Token incentives bootstrap Web3 networks. Let’s start with how Web3 networks use tokens to bootstrap their growth, providing early ecosystem users with financial value until network effects kick in. As Chris Dixon from Andreessen-Horowitz points out, Web2 startups require significant venture investment to fund sales and marketing campaigns to attract new users. According to the so-called Metcalfe’s Law, the value of a network dramatically increases with the number of participants. In other words, a social network isn’t very valuable when there are just a handful of users; however, it becomes indispensable when there are a billion global users connecting each day. Once Web2 companies have scaled with network effects kicking in, it’s rational for them to try and extract as much value as possible from users through data monetization, increased subscription prices, and other revenue streams.

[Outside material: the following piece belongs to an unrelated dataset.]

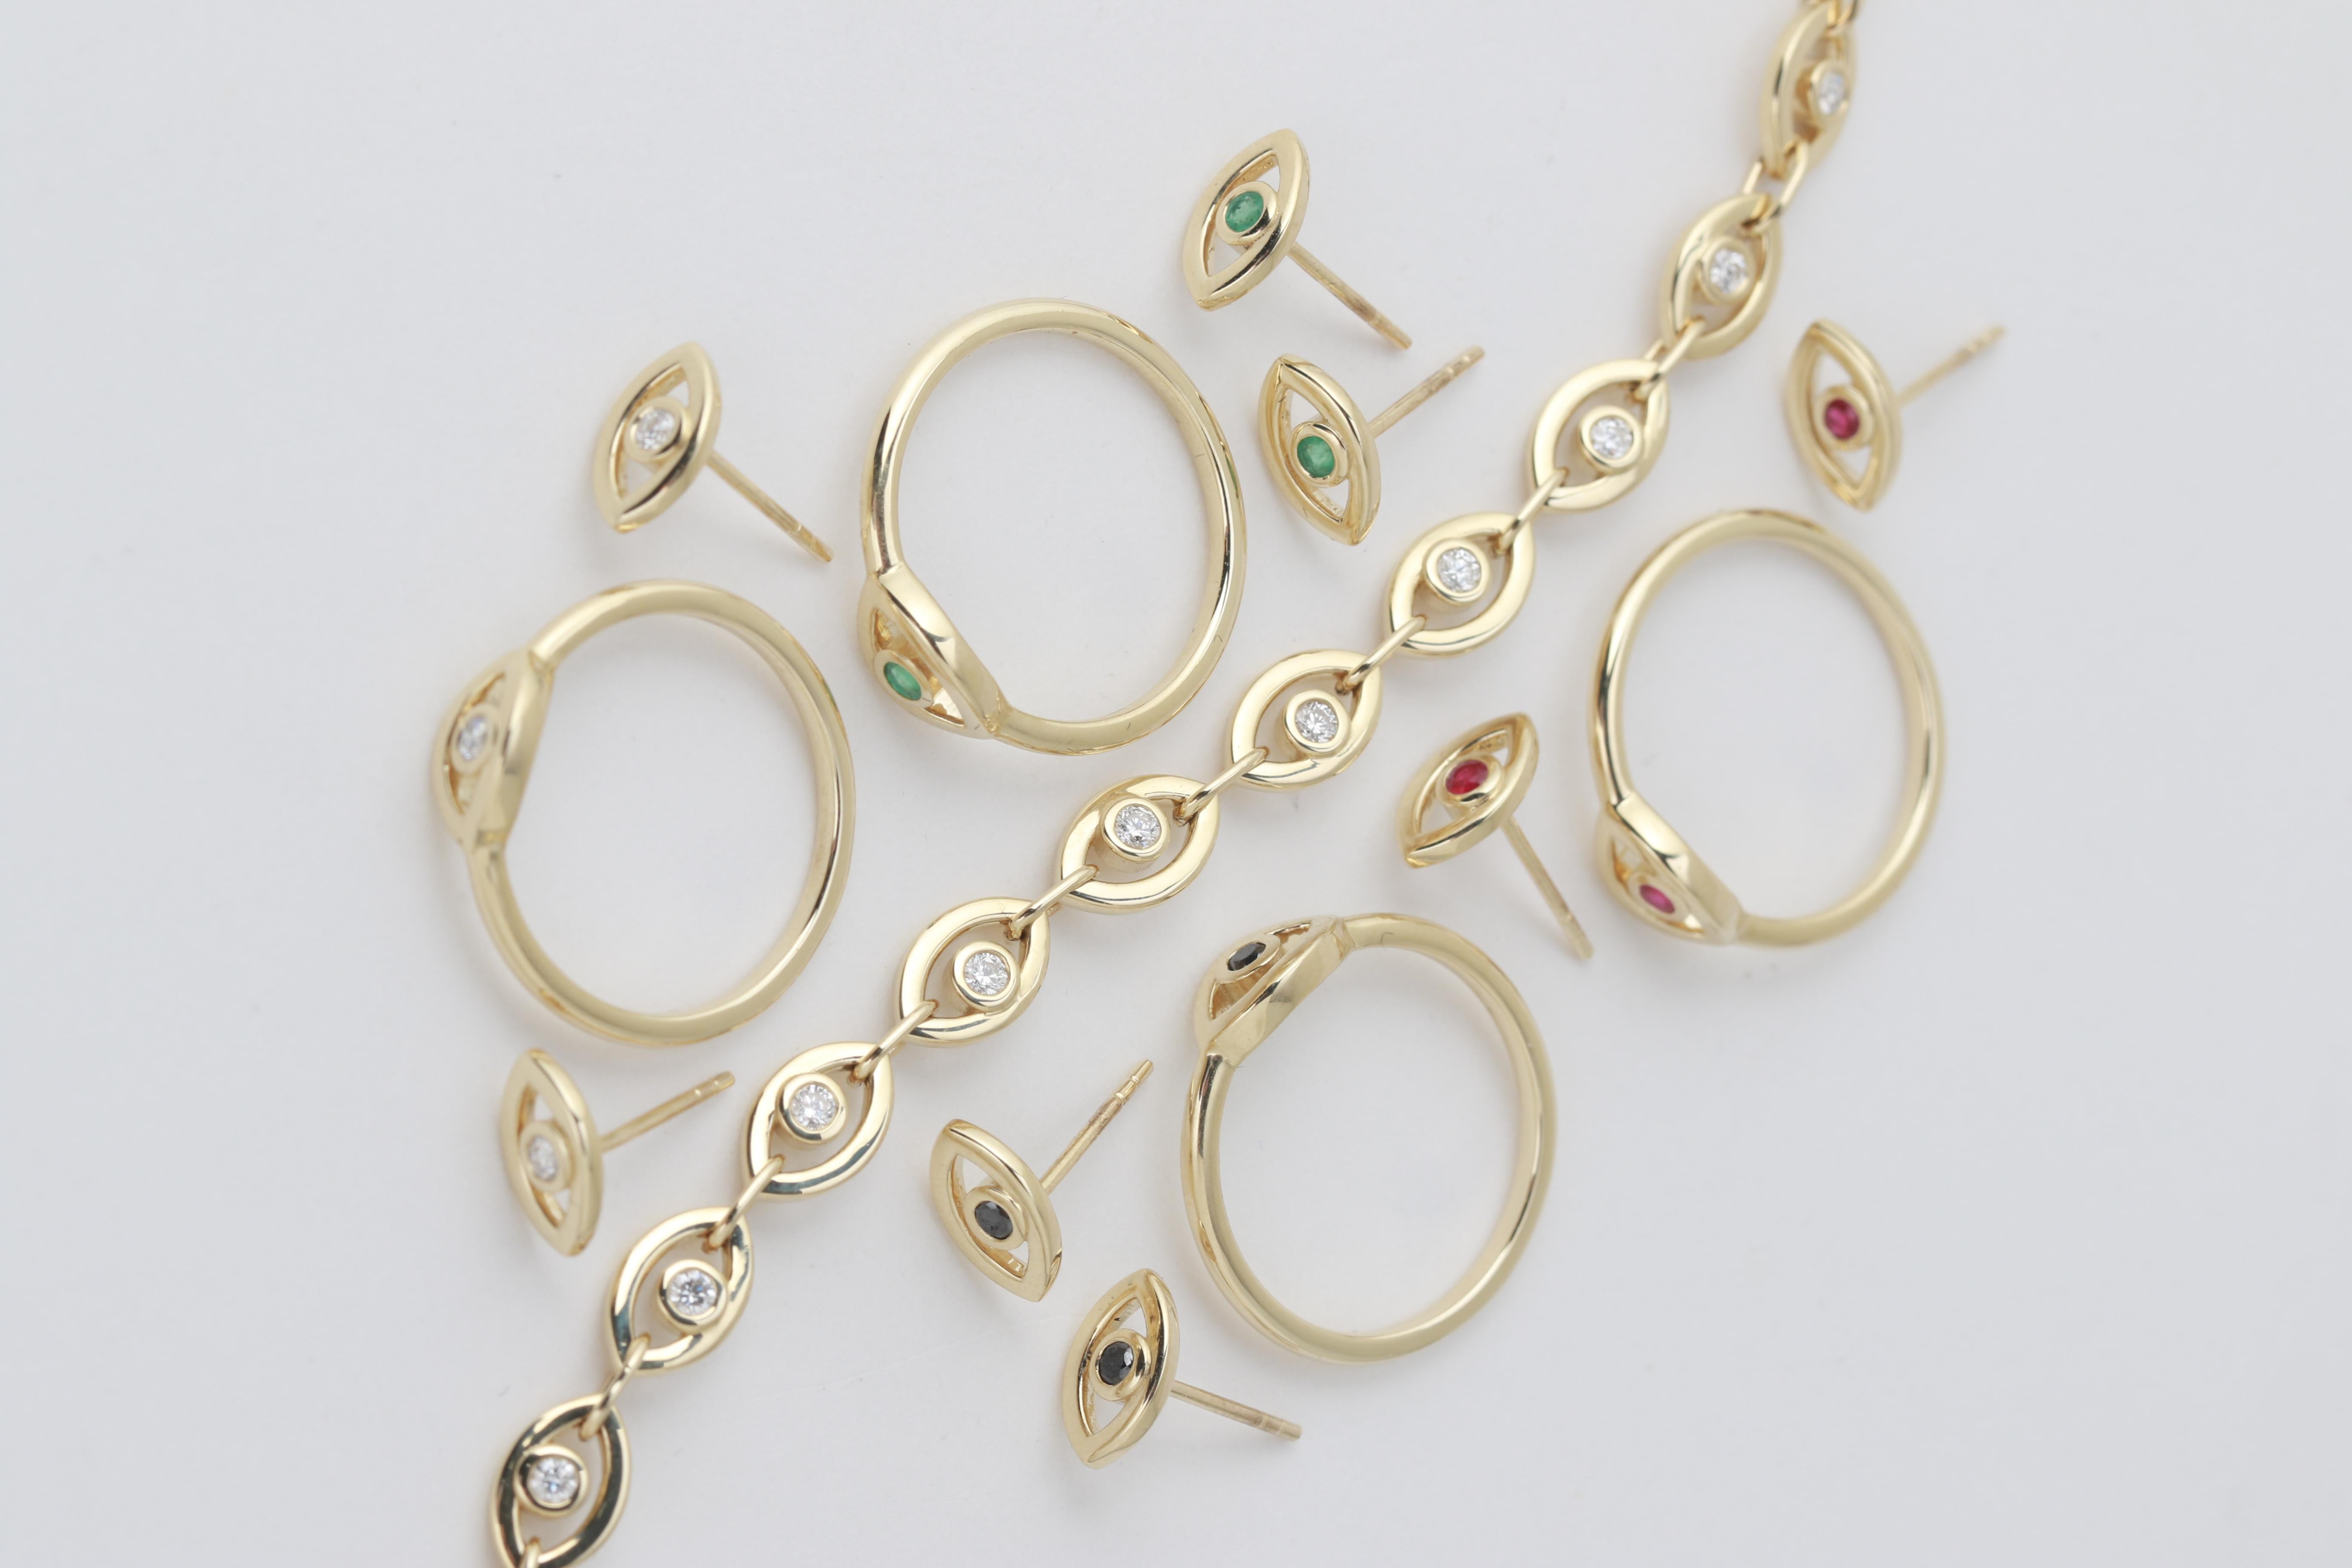 Maillons en forme d'œil, rehaussés de diamants blancs,  se connectent ensemble pour former un joli bracelet de tennis, sécurisé par un fermoir en or.

diamants blancs, 0,53 carats au total

Web3 ecosystems, however, reward users with token-based financial utility during the early stages of network growth to make up for the lack of native utility, with rewards tapering off as the network and its associated utility scales.¹ A user may be happy spending time in early versions of a play-to-earn game, such as Axie Infinity, since they can earn tokens that have the potential to appreciate significantly as the network grows. The same user may be incentivized to continue playing when token rewards decrease, but only if the game itself has evolved substantially to provide significant more value.

If you’re an entrepreneur with a new idea, consider how you might bootstrap your network with a Web3 solution while minimizing the need for traditional venture funding. If you’re already in an established company with scale, be on the lookout for emerging competitors wielding distributed models with the potential to unseat you by luring your customers to their network with token incentives.

Web3 take rates are much lower than Web2 equivalents. Because Web3 ecosystems are designed to be owned by and give back value to users, they often have much lower take rates than comparable Web2 offerings. Just as Jeff Bezos frequently stated, “Your margin is my opportunity” when explaining Amazon’s low-price, low-margin strategy to establish market share,² Andreessen-Horowitz’s Chris Dixon describes the transition to Web3 with an updated, “Your take rate is my opportunity.”³ Think of take rates as how much of the financial value a network generates is retained by the network provider rather than the users. Overall Web3 ecosystems tend to have much lower take rates than Web2 companies, often due to inherent designs to incentivize and be owned by users, but also because ecosystems often require smaller amounts to maintain and evolve platforms, and do not spend significantly on customer acquisition and marketing. Since users frequently own a majority of Web3 ecosystems, the bulk of revenue generated is returned to them. Moreover, because many ecosystems utilize open-source software, those ecosystems with higher than needed take rates incentivize others to fork the project, in essence becoming a competitor providing similar services with lower take rates.

Comparing Web3 with Web2 take rates shows how big a difference this makes. Let’s take Facebook as an example, which for all practical purposes has a 100% take rate. In other words, no one gets paid to spend time on the app; instead, Facebook monetizes your time and personal data, providing what appears to be free services that in fact have very high hidden costs. We see similar examples in other areas. Web3 gaming apps like Axie Infinity and The Sandbox utilize take rates around five percent, while online gaming companies operate at 30 percent and above. Digital asset NFT marketplaces, such as OpenSea and Rarible, operate with five percent or lower take rates. Compare that with Meta’s recent announcement that they plan to take a whopping 47.5% commission on digital asset sales in their proprietary Metaverse properties.⁴ Web3 content platforms, such as Rally and BitClout, regularly return 90 percent of value back to content creators, whereas Web2 comparables like YouTube, Spotify, and Twitch take 30 to 50 percent. The same take rate disparity is true when comparing different forms of Web2 marketplaces, including exchanges, labor markets, and app stores.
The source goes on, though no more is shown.